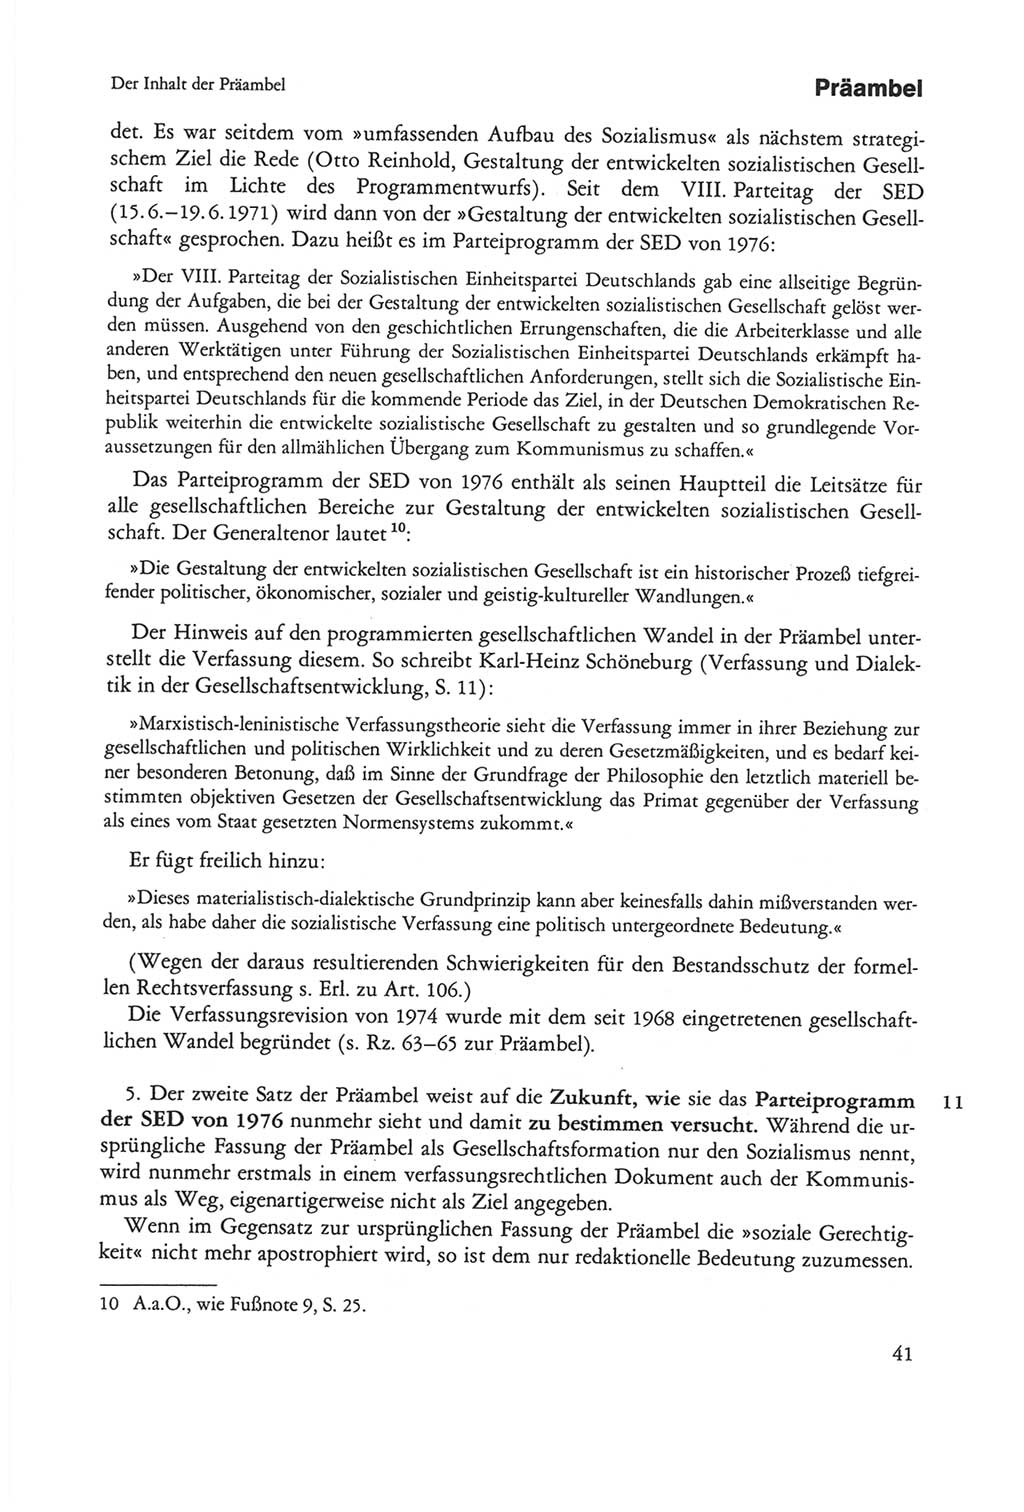 Die sozialistische Verfassung der Deutschen Demokratischen Republik (DDR), Kommentar 1982, Seite 41 (Soz. Verf. DDR Komm. 1982, S. 41)
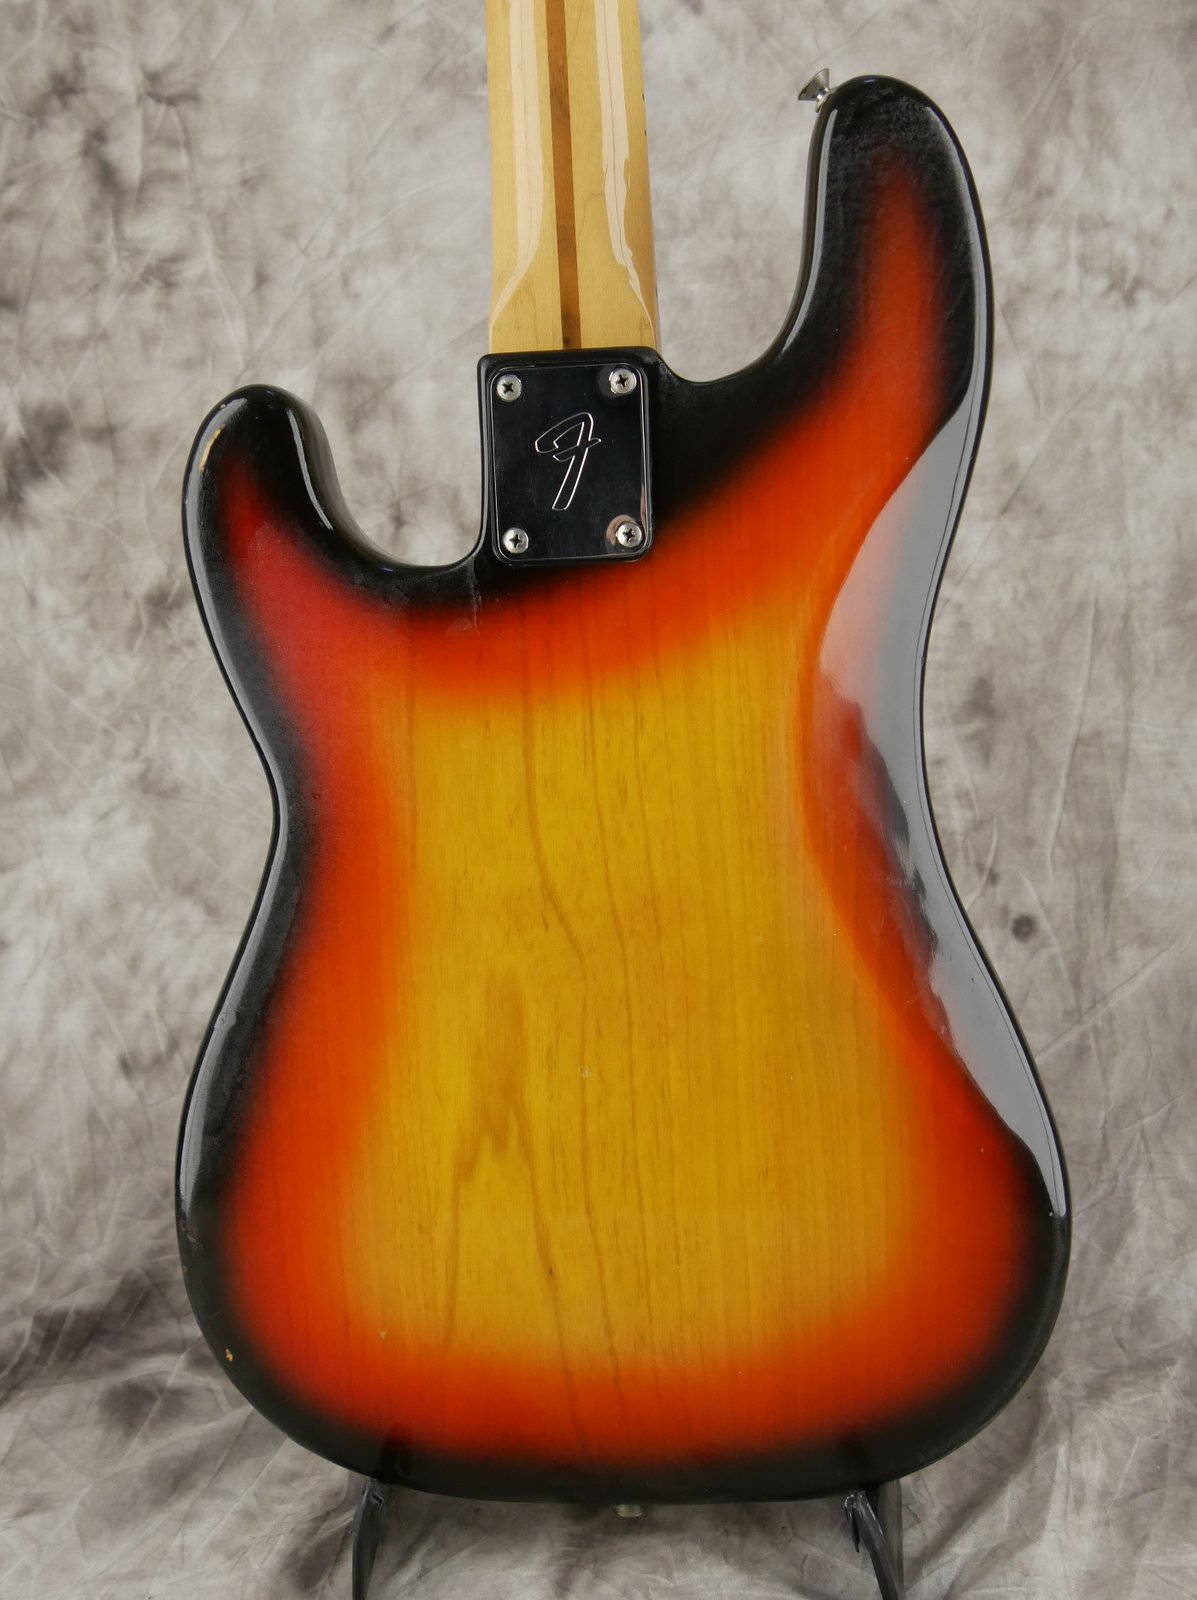 Fender-Precision-Bass-1979-sunburst-004.JPG
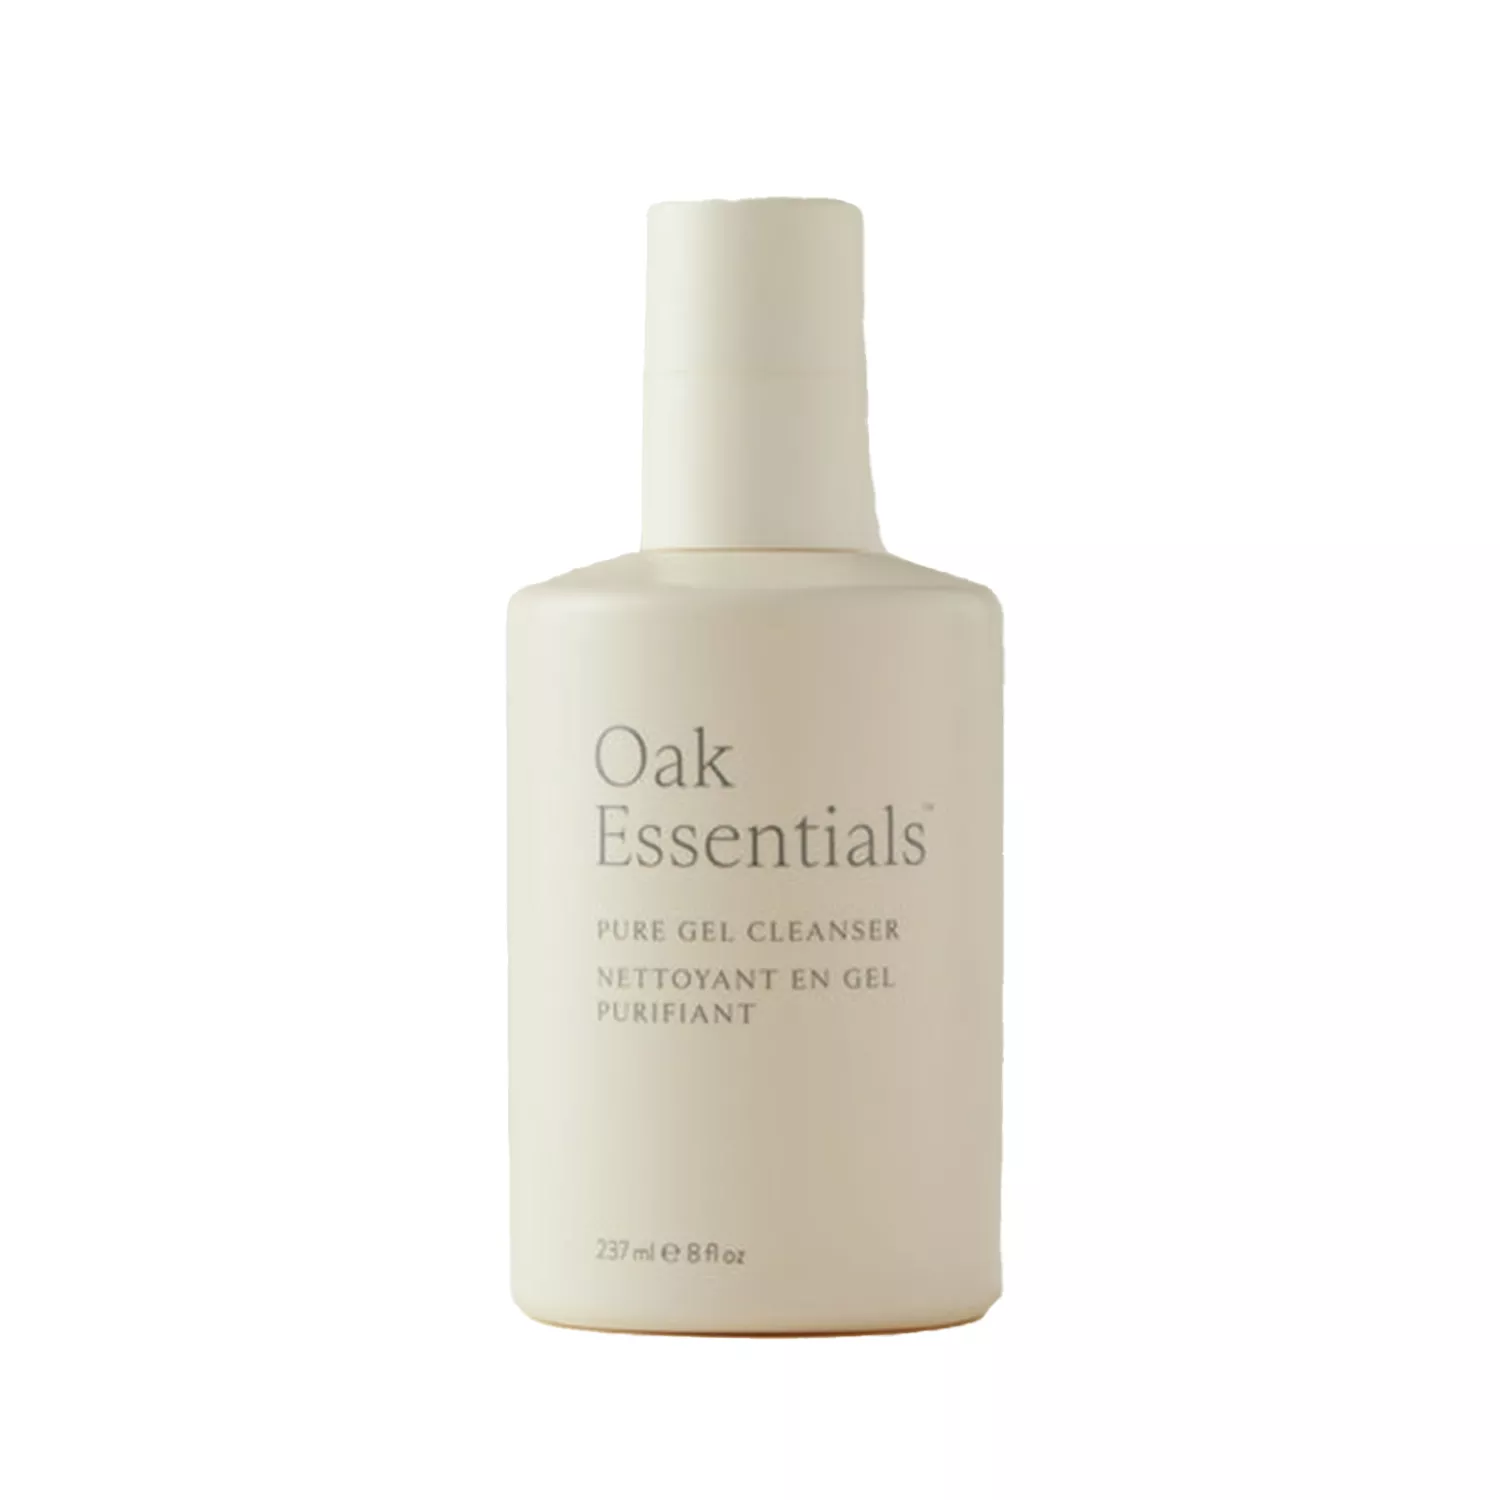 Oak Essentials Pure Gel Cleanser

══════

Copy the listing above in full and exactly, but omit each picture that it holds.

 Die sozialistische Verfassung der Deutschen Demokratischen Republik (DDR), Kommentar 1982, Seite 41 (Soz. Verf. DDR Komm. 1982, S. 41)
 Fender-Precision-Bass-1979-sunburst-004.JPG
 Oak Essentials Pure Gel Cleanser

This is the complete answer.